Every single photo I edited,I boosted the colour on them, but this one, this felt like it needed some desaturation.
On these signs, it told the story of a trans girl called Alice. Alice was a 20 year old trans woman. She had been on the waiting list for gender affirming healthcare for 1023 days, and tragically died by suicide.
A tragedy which clearly highlights why healthcare is such a prominent subject. You can check out the Campaign for Alice instagram page here.
Healthcare did appear at London Pride too, just in a different manner. There were NHS staff, and doctors claiming they were “Fighting” for trans people. But direct criticisms weren’t something I saw a lot of on the London pride march.
And there was a large raft of topics at both prides too. At the London Pride, there was a lot of emphasis on the campaign to stop AIDS. mainly with the recent opt out testing of aids in the NHS, there was cause for celebration.
The recent culture warring on trans people and sports did also make an appearance too. In London Pride, I caught this photo of a rower holding a sign saying “Trans Rowers are oarsome”.
With the RHSE review coming up and the guidance on Trans Kids and news on what that will bring. There were a lot of mentions of LGBT education in both prides. And generally about protecting trans kids.
And with that impending, and rumoured to possibly be released for consultation for the start of the next school year, there is a sense of urgency about it. And with the government actively looking at amending the equality act. And as drag events are attacked by Fascists, It felt like Trans Pride London wanted to convey a sense of urgency as to what is happening.
Whilst Trans Pride highlighted the urgency, London Pride gave more of an air of optimism. Whilst they did put trans people front and centre with their never march alone campaign. It wasn’t the same as Trans Pride.
When I was at Trans Pride London, it was clearer to see the anger and the passion of everyone there. And everyone was proud and defiant and will continue to be, no matter what comes our way.

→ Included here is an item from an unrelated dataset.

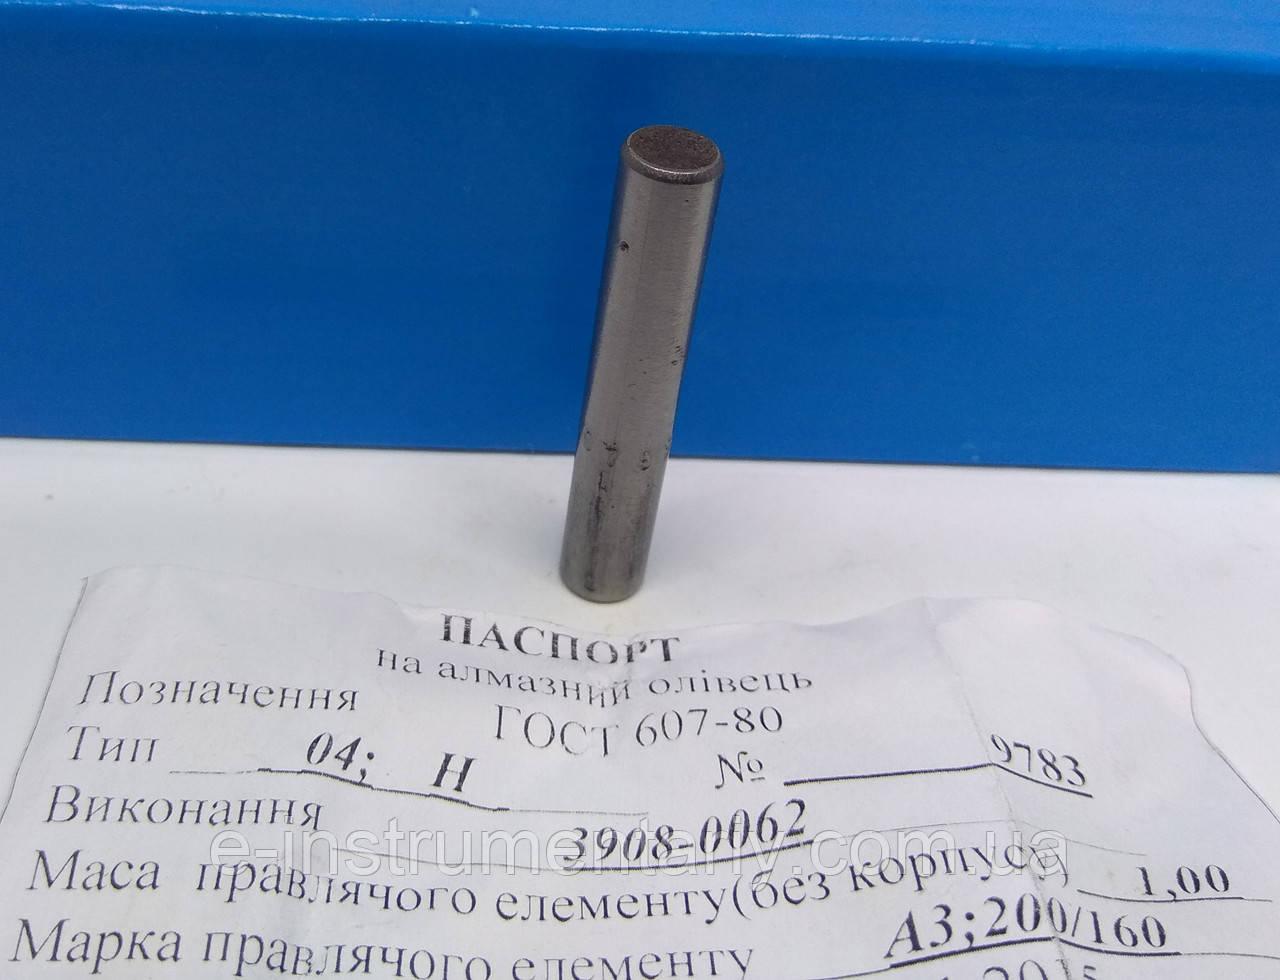 Алмазний олівець 3908-0062/1 тип 04 вик. А 1,0 карат. якість - 1

If someone asked me which pride was better. I don’t know what I could say, these were the first 2 prides I have ever been to. I enjoyed the party atmosphere of London pride. Trans news is a depressing cycle. Doom and gloom. When it came to taking photos on the parade, it was a lot easier.
Trans pride was very enjoyable too. The shorter march made it easier to walk, and the smoke bombs and what I saw made it, in a way. More exciting.
At the start, I said “Pride is often described as either a party or a protest.”. I am not sure how I would describe it. But given its similarities. It isn’t a clear cut answer. And if I wanted to get into it more thoroughly, it would have to be an article in itself.